異世界にいったったwwwww

あれ

 大宰相パジャは北方の賢王ブリアンに一つの勅命を与えていた。


 即ち、王都の防衛である。




 北方連合軍(実態はブリアンの軍勢と、従属する都市国家の兵)


    第一軍……天領の守護。総数約三万、大将ブリアン。 


    第二軍……直轄州の警護。総数四万、イリーツキ。


    第三軍……大規模な反乱の鎮圧。総数二万五千、ソローツキ。


    第四軍……予備兵力。総数五万、ソルジャニー。


 この将帥はいずれも、この都市国家連合、及び大陸でも屈指の名称、勇将、驍将、など綺羅星の如く鎮座する中でも一際目立つ存在であった。彼らは王都周囲の属州二三州(規模は小さい)拠点を警護する傍ら、パジャの強力な精鋭常備軍と共に、仮想敵となった獅子への睨みをきかせていた。




 当時の記録となる宮廷書記官の記録による。


 『払暁、我々と都市国家の首脳は城壁の回廊へと呼びつけられた。一体何が始まるのか、我々も眠い目をこすり我々は集合地点までやってきた。馬鹿馬鹿しいことに、その景観をみるまでどうでもよかった。――だが、正直に言おう。我が主君、パジャ閣下と賢王ブリアン殿は今や、嘘偽りなく神の軍勢を従えているようであった。大地の微妙な勾配と起伏のある丘、原野の稜線を悉く軍勢が埋め尽くしている。まるで、洪水のようだった。一糸乱れぬ姿で、新鮮な微光に照らされ、まるで黄金の鱗のようにもみえた。騎馬は巨大な旗の前に整列し、兵士は彫像の如く。招集された皆、首脳はその威風に息を飲む。最早、これに対峙する者なし……と。』






 噂ではその数一五万とも二〇万とも言われた。だが正確な数字は今日までわかっていない。それよりも重要なことは、この数の兵が本当に北方の兵であるかという疑念である。

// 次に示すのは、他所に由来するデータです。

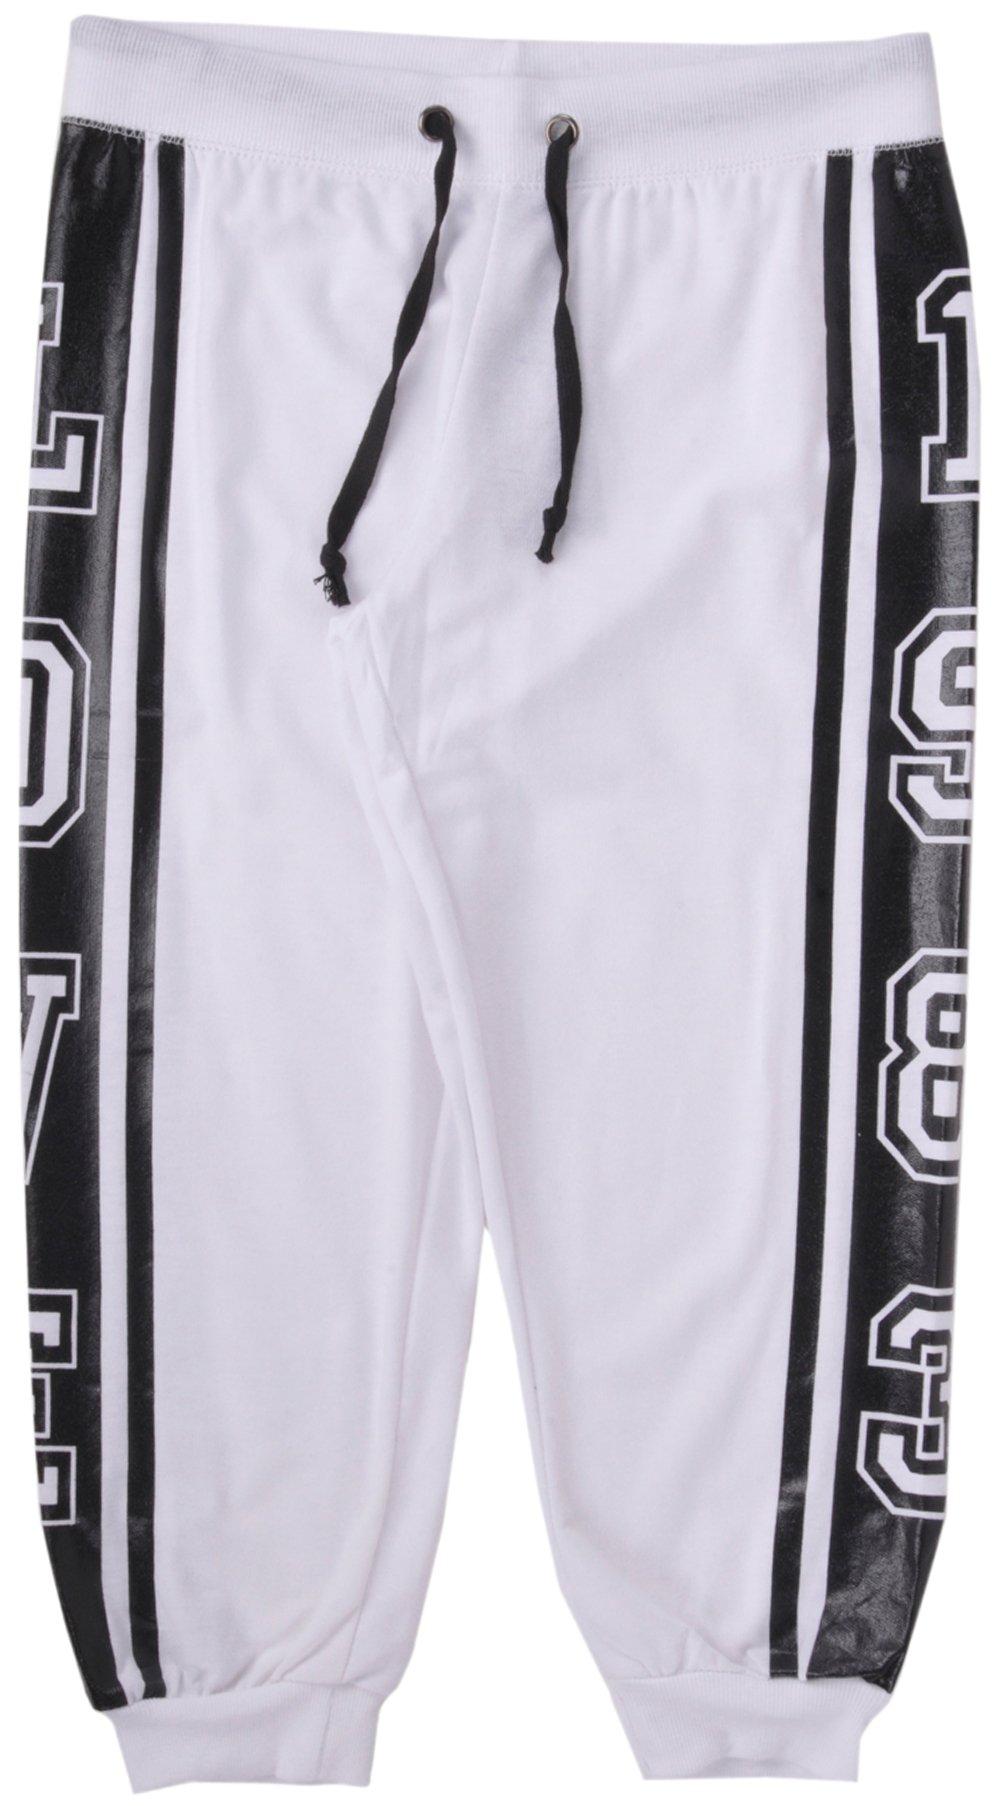 Coco Limon 1983 Love Womens Capri Pants in White

 これには、一応の説がある。まず、征服した後の北方諸国から無理やり徴用したケース。しかし、それでもこの夥しい数には繋がらない。となると、各属州からの急増した徴用と見るべきか? 


 ここに、面白い資料が存在する。それは、戸籍である。中原では早い段階から戸籍を重要視した。共同体を徹底して調べ上げさせた。それは税収に直結するためである。この税は無論軍役もある。当時、中原では大規模な戦災、天災、疫病の蔓延により、大規模な餓死者が続出していた。無論、国庫を開き、救済する手立てもある。……が。パジャはこの時戸籍謄本に目をつけた。


 どの時代でも、飢饉が起こる場合、人口が爆発的に増える。となれば当然口減らしが必要となる。


 当時、やはり豊富な穀倉地帯は中原より南方の州であったり、あるいは遠州の半分であったり、と誠に限られた土地であった。いや、正確には中原もゆたかな地であるが、いかんせん人が溢れた。賄いきるには他国の侵略が必定であった。




 また、アテが外れても余剰な人間は減る。




 そんな冷徹な思考がパジャの脳裏を一瞬で巡り、実行した。当然、時間もない。


 最早、ガルノスと中原で覇を争い激突するのは目前であった――。